Si rappresenta che non sono presenti limiti di riferimento imposti dalla legislazione vigente per la concentrazione di diossine in aria ambiente. 

Un valore di riferimento correntemente utilizzato dalla comunità scientifica è quello proposto dal Länder-Arbeitsgemeinschaft für Immissionsschutz   (LAI – Germania), pari a 0,15 pg/Nmc. 

La concentrazione riscontrata nel campionamento del 13-14 ottobre risulta, pertanto, eccedente il suddetto limite di riferimento. 

Il monitoraggio è ancora in corso e gli ulteriori risultati, utili per seguire nel tempo l’andamento delle concentrazioni di diossine e furani, verranno diffusi non appena disponibili. 

Il 13 ottobre i tecnici del Dipartimento di Benevento hanno inoltre installato, in posizioni significative nei pressi del sito, campionatori passivi a simmetria radiale, per rilevare le concentrazioni di COV (composti organici volatili) aero dispersi. 

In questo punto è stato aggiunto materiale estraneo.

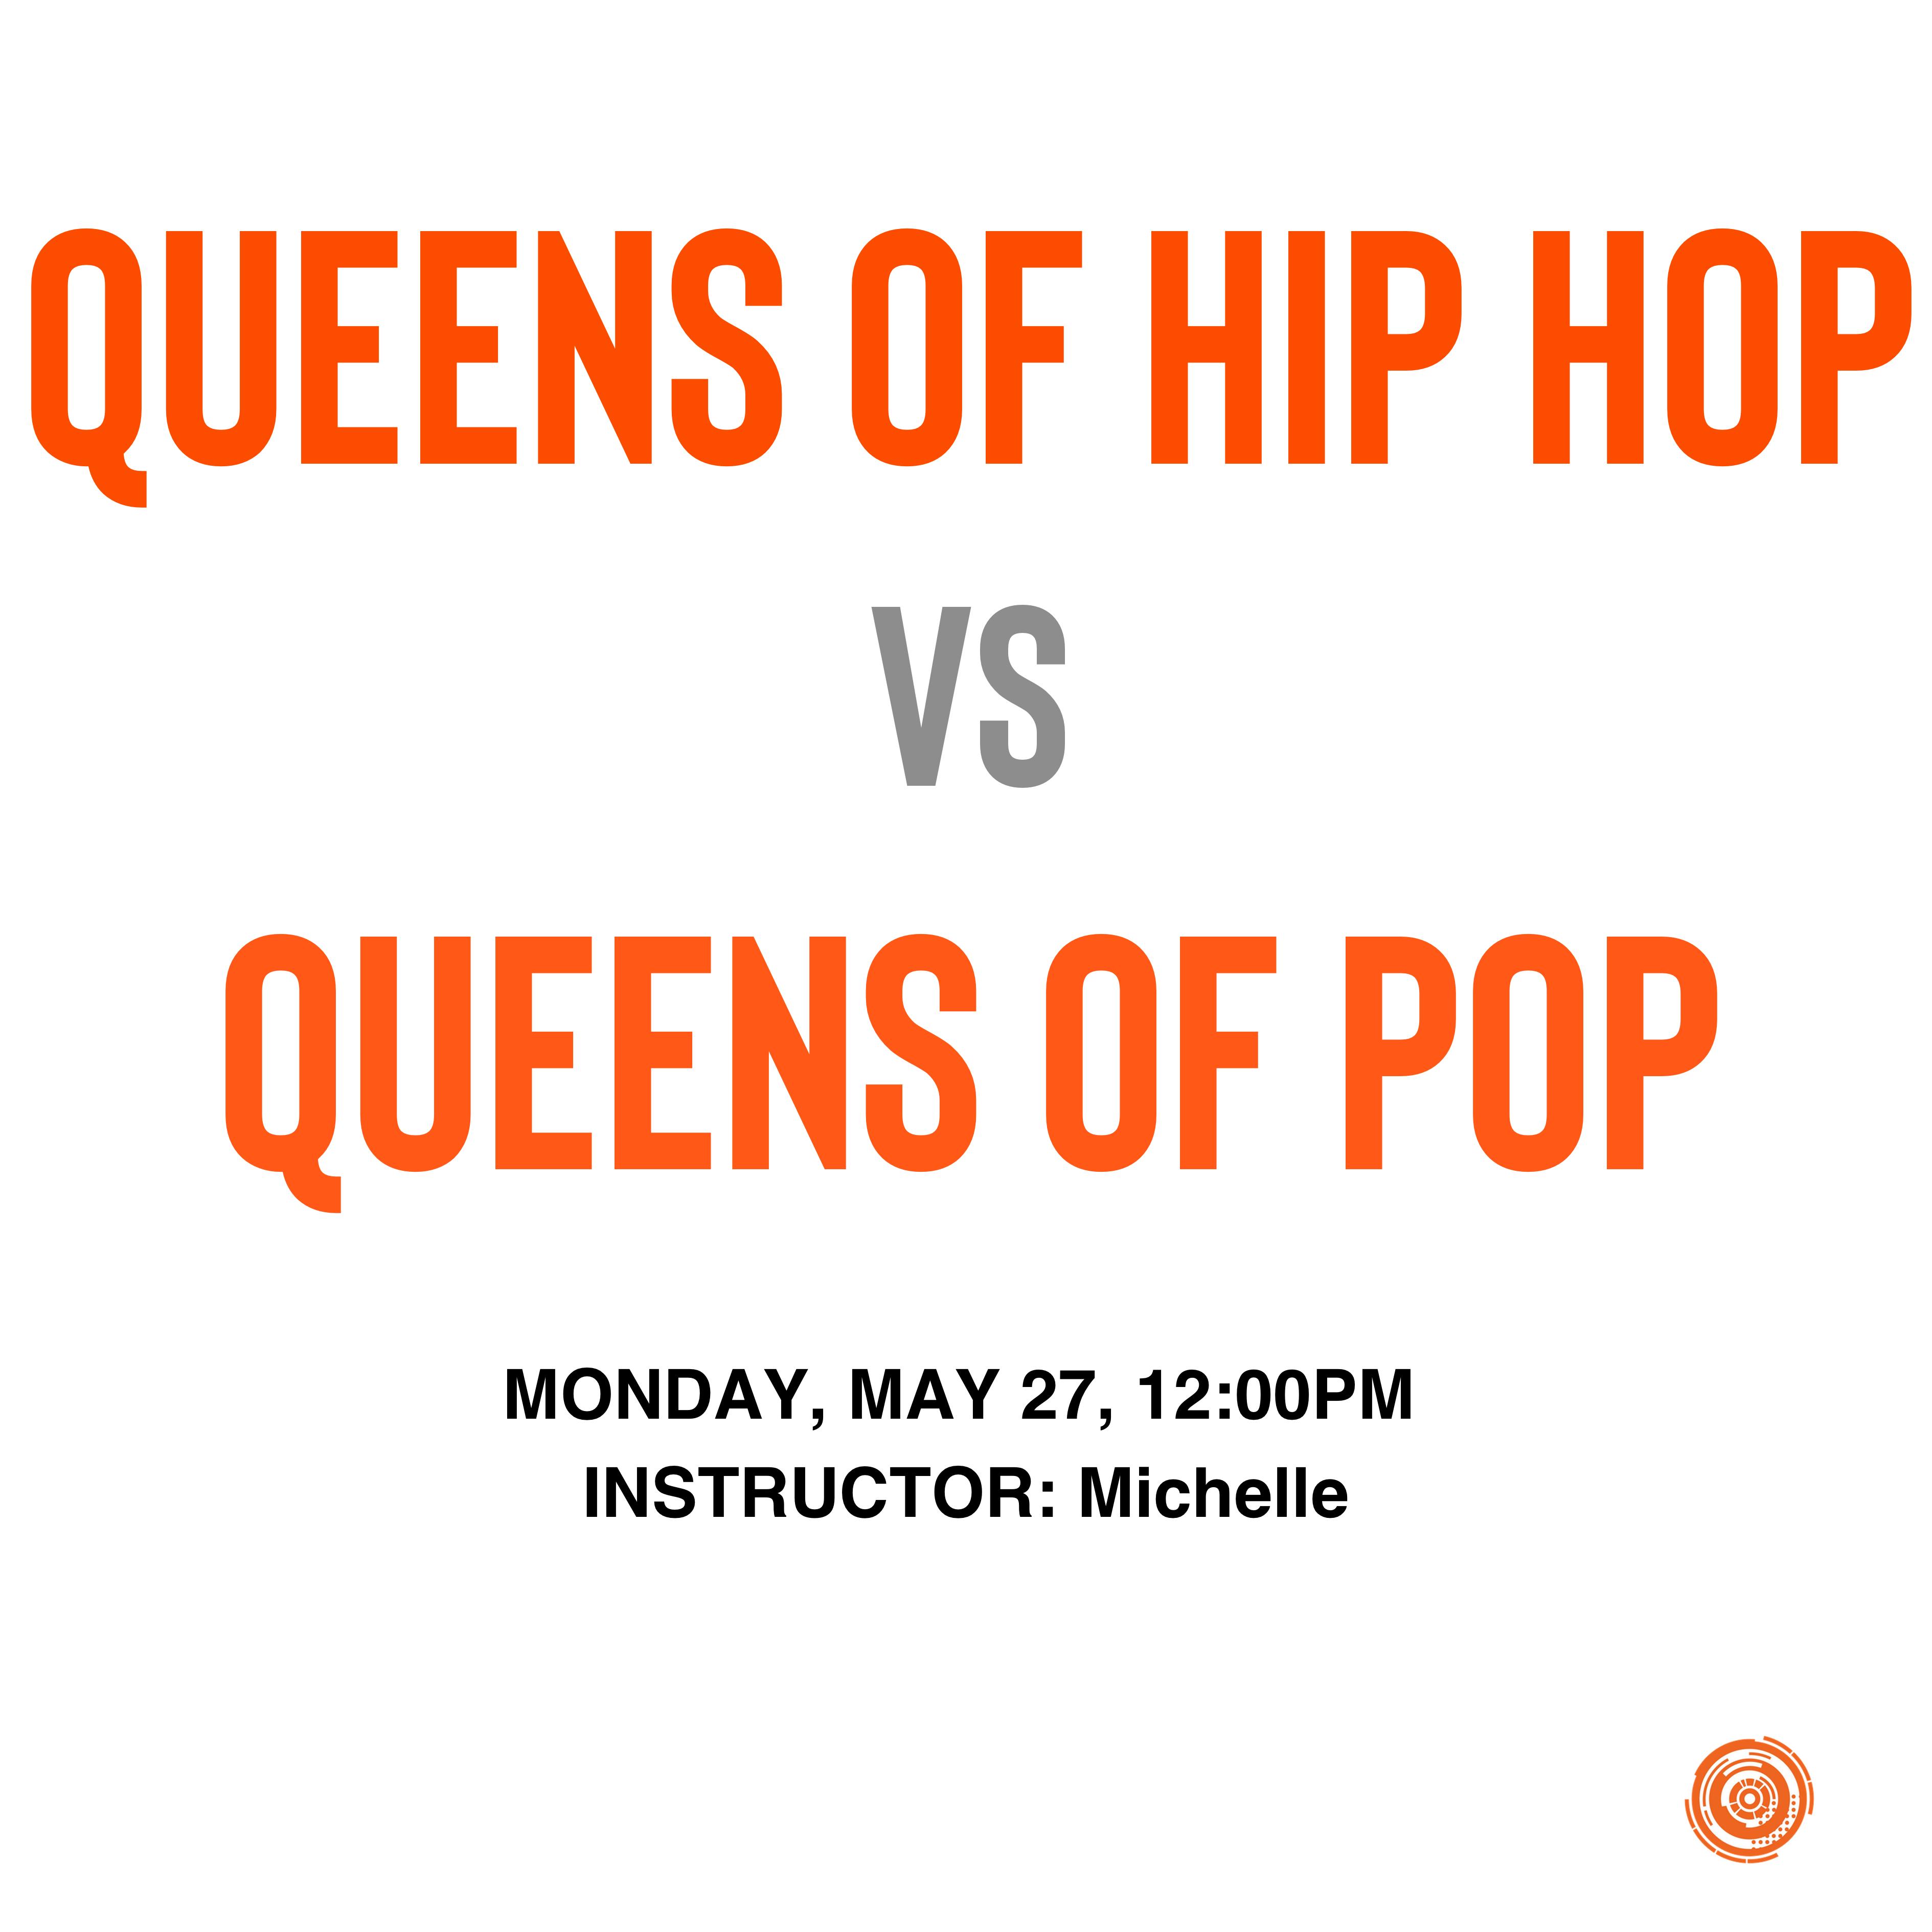 Queens of Hip Hop vs Queens of Pop

Il 14 ottobre è stato installato dalla U.O.C. Reti di Monitoraggio e Cemec anche un laboratorio mobile che sta monitorando le concentrazioni orarie di benzene, toluene, xilene, CO, NO, NO2, NOx, ozono, PM10 e PM2.5 per valutare lo stato della qualità dell’aria nel periodo successivo all’incendio. I risultati verranno diffusi non appena disponibili. 

Per quanto riguarda la Rete regionale di Monitoraggio della Qualità dell’Aria, nella giornata di ieri la ventilazione sostenuta ha favorito la dispersione degli inquinanti e nessuna delle stazioni fisse di monitoraggio ha mostrato superamenti dei limiti di legge per i parametri monitorati, facendo anzi registrare valori nettamente inferiori agli stessi. Con l’attenuazione della ventilazione e condizioni di maggiore stabilità atmosferica anche l’efficienza della dispersione si sta attenuando, ma finora le stazioni della rete regionale hanno continuato a registrare concentrazioni basse degli inquinanti aerodispersi. 

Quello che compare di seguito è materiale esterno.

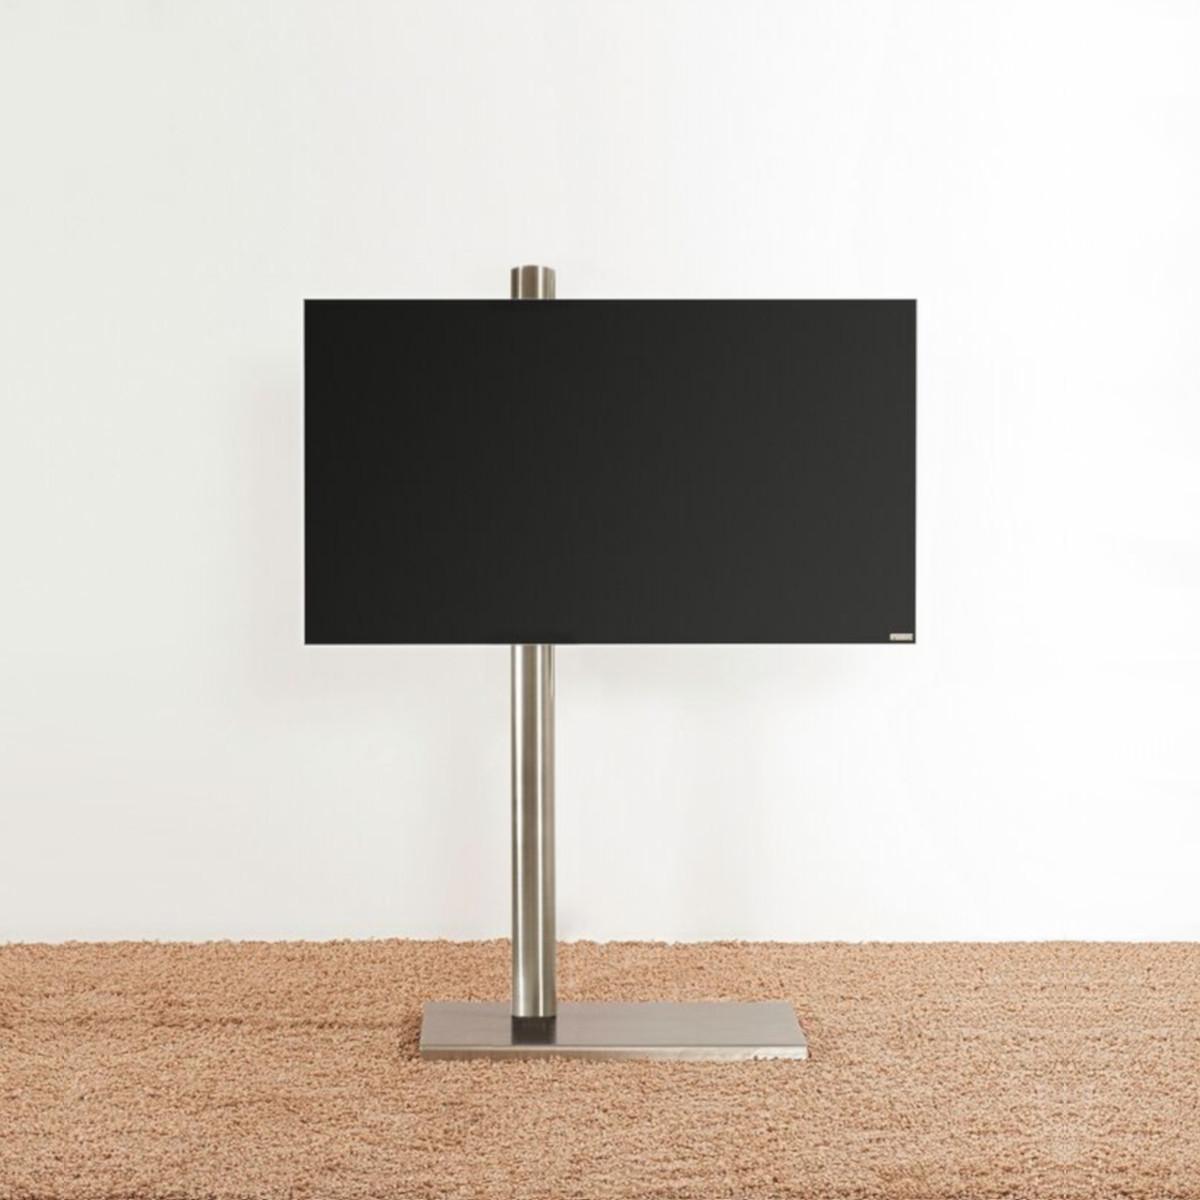 Model Column art. TV Ständer, schwenkbar und rollbar. Von Wissmann Raumobjekte

Con la minore dispersione si attende comunque un aumento progressivo fra oggi e domani delle concentrazioni, che saranno tenute sotto costante controllo. 

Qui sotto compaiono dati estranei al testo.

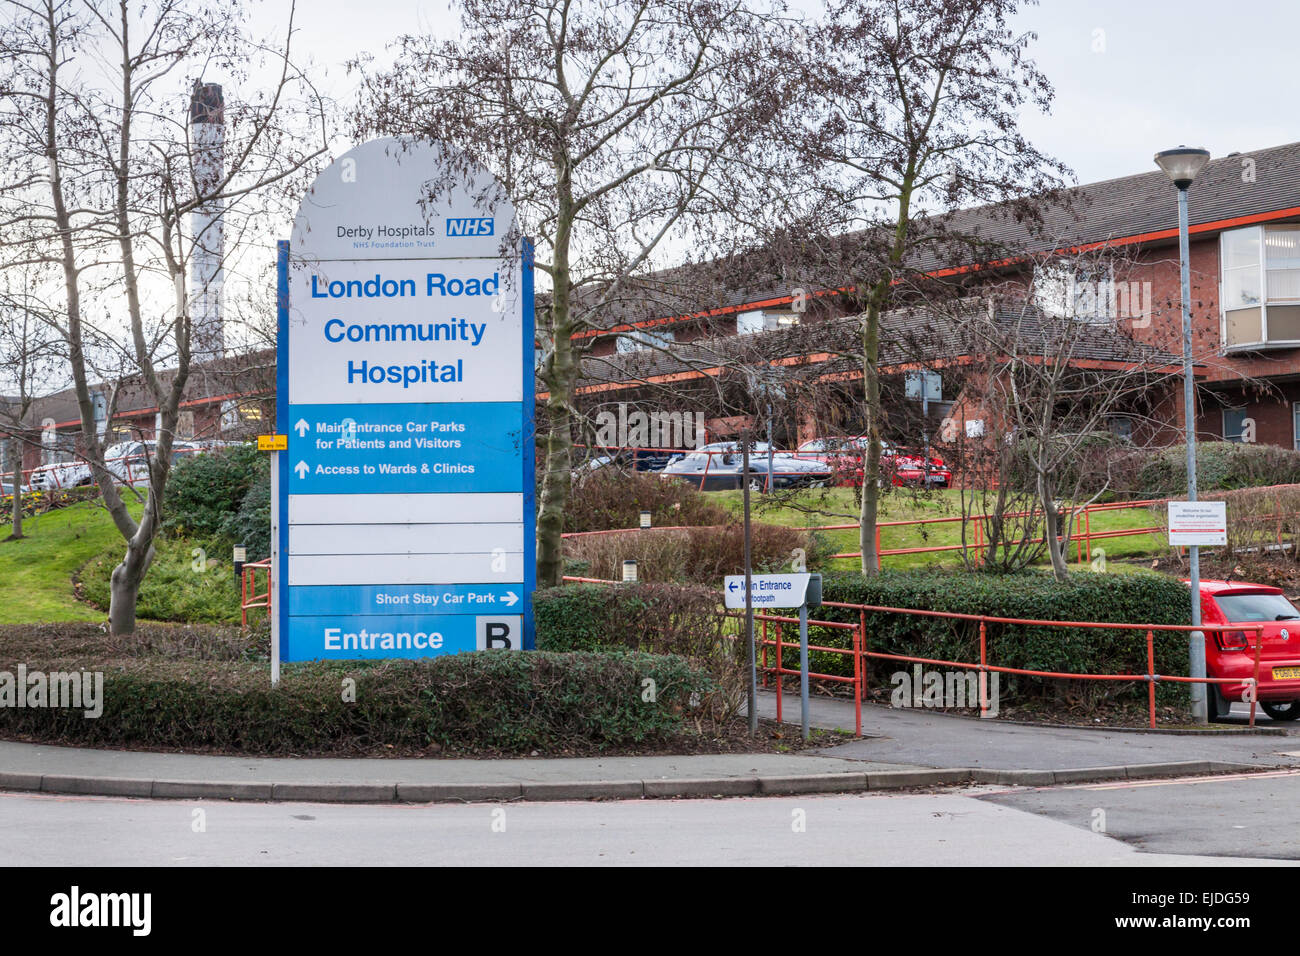 London Road Community Hospital, Derby, England, UK - Stock Image

Questo eventuale lieve aumento sarà una conseguenza delle mutate condizioni meteo-climatiche e non dell’incendio. 

 

Materiale soggetto all’incendio. Attraverso la documentazione tecnica relativa al sito colpito dalle fiamme, si è appurato che il materiale soggetto all’incendio è composto prevalentemente dal polimero polipropilene, utilizzato in un altro sito per la produzione di componenti per il settore automotive. 

 

Acque di spegnimento. È in corso il controllo dei possibili impatti ambientali delle acque di spegnimento utilizzate per estinguere l’incendio, con campionamenti delle acque in uscita dall’impianto di depurazione comunale che serve anche lo scarico della SAPA. 

 

Acque superficiali. Nel corso dell’odierna mattinata, sono stati prelevati campioni di acque superficiali di corpi idrici prossimi al sito in parola, al fine di valutare possibili effetti della ricaduta dei prodotti della combustione sulla risorsa idrica. 

 

Suoli. Nei prossimi giorni saranno effettuati campionamenti di terreno superficiale (top soil) in aree di possibile ricaduta degli inquinanti atmosferici diffusi nel corso dell’evento. 

 

14 ottobre 2021,17:30 - Incendio Airola (BN): qualità dell'aria nella mattina di oggi

Proseguono le verifiche dell’Agenzia ambientale della Campania per valutare gli effetti ambientali dell’incendio divampato nel pomeriggio di ieri nell’area industriale di Airola (Benevento).

Materiale soggetto all’incendio. Attraverso la documentazione tecnica relativa al sito colpito dalle fiamme, si è appurato che il materiale soggetto all’incendio è composto prevalentemente dal polimero polipropilene, utilizzato in un altro sito per la produzione di componenti per il settore automotive.

Acque di spegnimento. È in corso il controllo dei possibili impatti ambientali delle acque di spegnimento utilizzate per estinguere l’incendio, con campionamenti delle acque che giungono all’impianto di depurazione comunale dalla rete delle acque reflue dell’area industriale.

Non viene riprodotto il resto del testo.